Supreme Court of South Carolina
Jun 19, 1902
64 S.C. 254 (S.C. 1902)

Opinion

June 19, 1902.

Before WATTS, J., Richland, November, 1901. Reversed.

Action by Levi Metz against B.L. Abney, Jno. P. Thomas and J.S. Verner. From order of nonsuit, plaintiff appeals.

Mr. Wm. H. Lyles, for appellant, cites: Nonsuit should not have been granted on failure to prove demand and refusal, (a) because they were alleged and admitted: 16 S.C. 585; (b) defendants denied plaintiff's right to funds: 9 Ency., 209; and this dispensed with necessity of such proof: 4 Ency. P. P., 648. As to contract between attorney and client: Wise v. Hardin, 5 S.C. 9 L.R.A., 90; 3 Ency., 2 ed., 332-3-4, 337; Taylor v. Barker, 30 S.C.; Weeks on Attys., 542; 4 DeS., 713; 4 Rich. Eq., 165; 1 McC. Ch., 549. Defendants being trustees, burden of proof was on them: 2 Pom. Eq. Jur., sec. 958; 1 S.C. 184; 30 S.C. 447.

Messrs. P.H. Nelson, Melton Belser, Andrew Crawford, R.W. Shand and J.Q. Marshall, contra. Mr. Shand cites: If plaintiff desired to call defendants to account as trustees, he should have proceeded in equity: 1 Per. on Trusts, 17, 843; 3 McC., 509; 1 Bail., 230; 6 Rich., 259. Admissions must be taken with all qualifications: 9 S.C. 458; 15 S.C. 268. And all parts of letters introduced become evidence: 1 Hill, 389; 2 Strob., 416; 2 Rich., 524; 23 S.C. 603; 36 S.C. 384; 41 S.C. 376; 1 Jones Ev., secs. 295, 296; 1 Gran. Ev., sec. 201; 19 Conn., 7; 49 Ky., 387; 55 Am. Dec., 83; 4 H. M., 447. Pleadings admit no demand, and its proof is necessary: 59 S.C. 85. There is no waiver of demand, and nonsuit was hence properly granted: 1 Hill, 222; 23 S.C. 289; 26 S.C. 29 S.C. 96; 36 S.C. 400.

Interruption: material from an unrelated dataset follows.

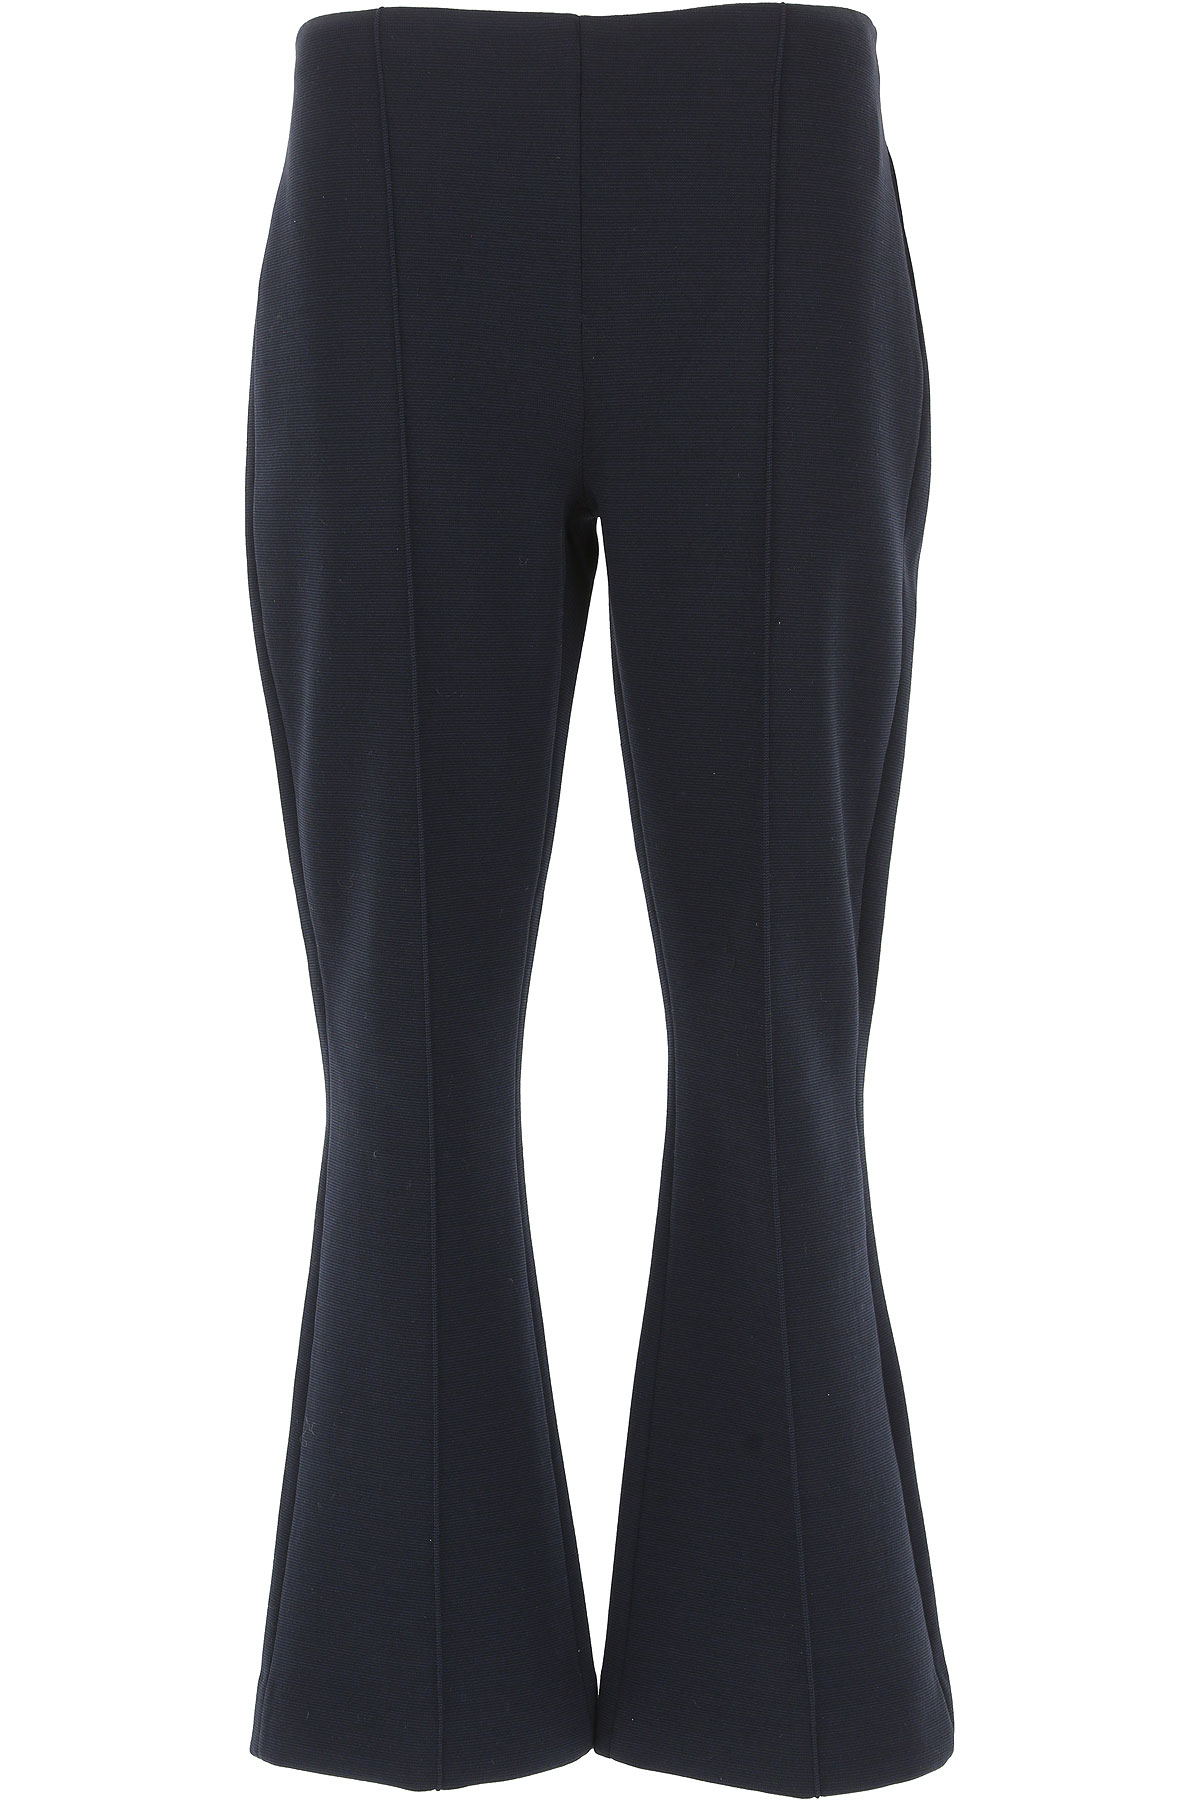 Image of Sonia Rykiel Pants for Women, Midnight, Virgin wool, 2017, 10 6 8

June 19, 1902. The opinion of the Court was delivered by


At the conclusion of plaintiff's testimony, offered at the trial of the above named action, before his Honor, Judge Watts, and a jury, a motion for nonsuit was made on the following grounds: "1. Because it had not been shown that these defendants were indebted to plaintiff or had received for him moneys which they should account to him for. 2. Because no demand by plaintiff on these defendants previous to action brought had been proven." The Circuit Judge passed an order granting the nonsuit. From this judgment on the order of nonsuit the plaintiff now appeals.

We think the Circuit Judge was in error. It is quite true, that a demand upon attorneys by their clients for moneys alleged to have been collected by them for such clients before suit, is recognized as a salutary rule. We think there was some testimony here which ought to have gone to the jury, even when this rule is upheld. Certainly the letters of the defendants, written before suit was begun, denied that they owed the plaintiff anything (in their answer they practically did likewise). These letters were introduced by the plaintiff. But apart from these matters, it occurs to us that under the agreement of November, 1894, the defendants, as to certain choses in action assigned to them by the plaintiff, became trustees for the plaintiff, which, in our judgment, relaxed the severity of the rule as to demand before suit. We have refrained from any comment upon the facts of this case for the very good reason, as it appears to us, that a new trial must be ordered, and we would be unwilling to express any opinion thereon lest it might affect the new trial.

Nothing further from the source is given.